The 15th Finance Commission has also been mandated to additional­ly review the impact of the 14th Finance Commission recommenda­tions (which increased states’ share to 42%) on the fiscal position of the Centre.

The last budget estimated the total share of states in taxes at ₹7.84 lakh crore for 2020-21. An individual state’s share is determined by a predetermi­ned formula. Various factors go into the criteria where weights are assigned, including for population, income distance, forest cover and area. Income distance is defined as the difference between the per capita income of a state and the average per capita incomes of all states.

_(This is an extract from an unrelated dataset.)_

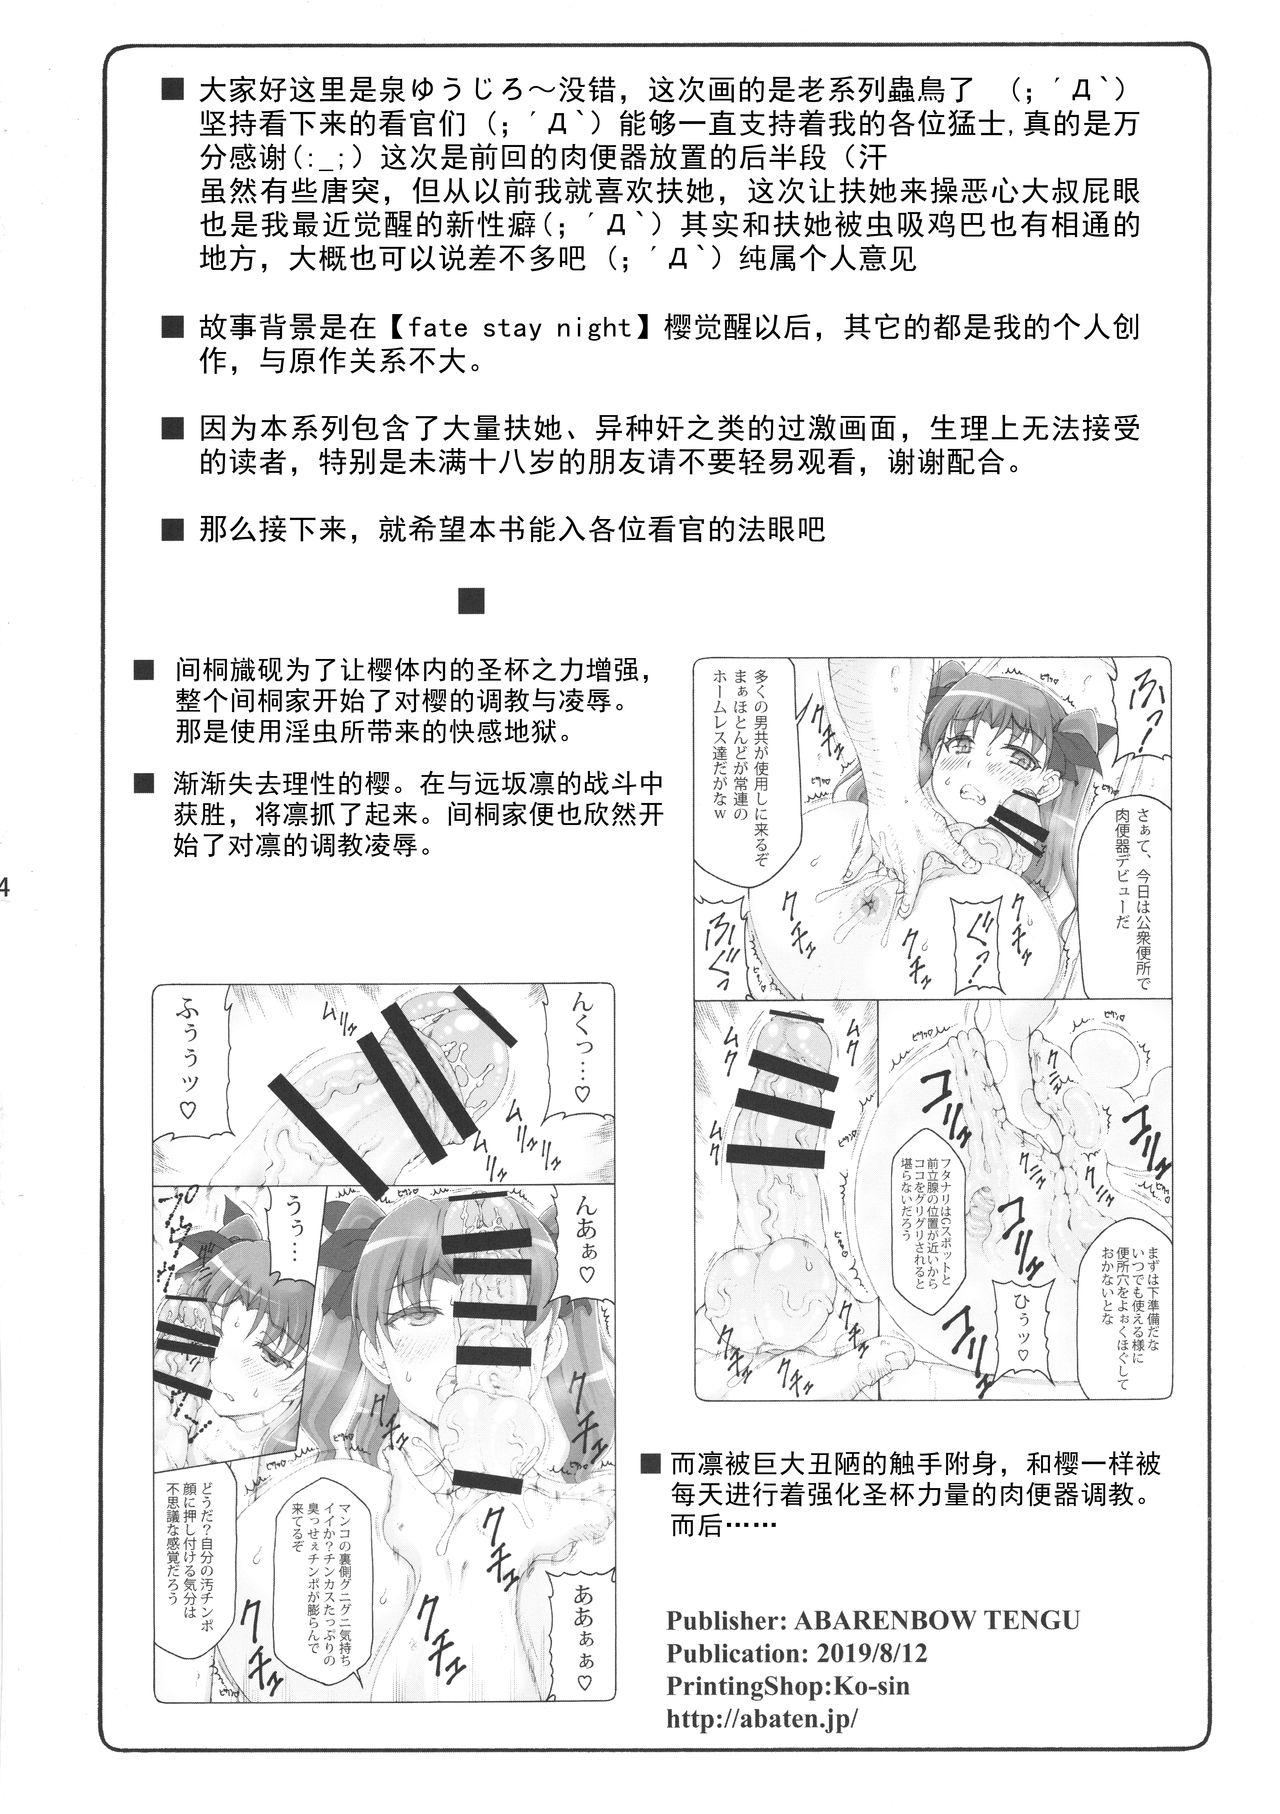 Chibola Kotori 16 - Fate stay night Perfect Body - Page 4

States with lower incomes may get a higher share. For instance, according to the 14th Finance Commission’s award, Bihar, a poorer state, had a 9.7% share in taxes, while Haryana, a richer state, had 1.1%.

“The Finance Commission is currently looking into the funding patterns of centrally sponsored schemes as a possible solution,” the person quoted in the first instance said.

The Centre bears the major chunk of expenditur­e in centrally sponsored schemes, such as the National Health Mission (NHM), Sarva Shiksha Abhiyan (SSA) and Mahatma Gandhi National Rural Employment Guarantee Act (MGNREGA). The Centre-state ratio of funding is 60:40, and for northeaste­rn and hilly states, it is 90:10.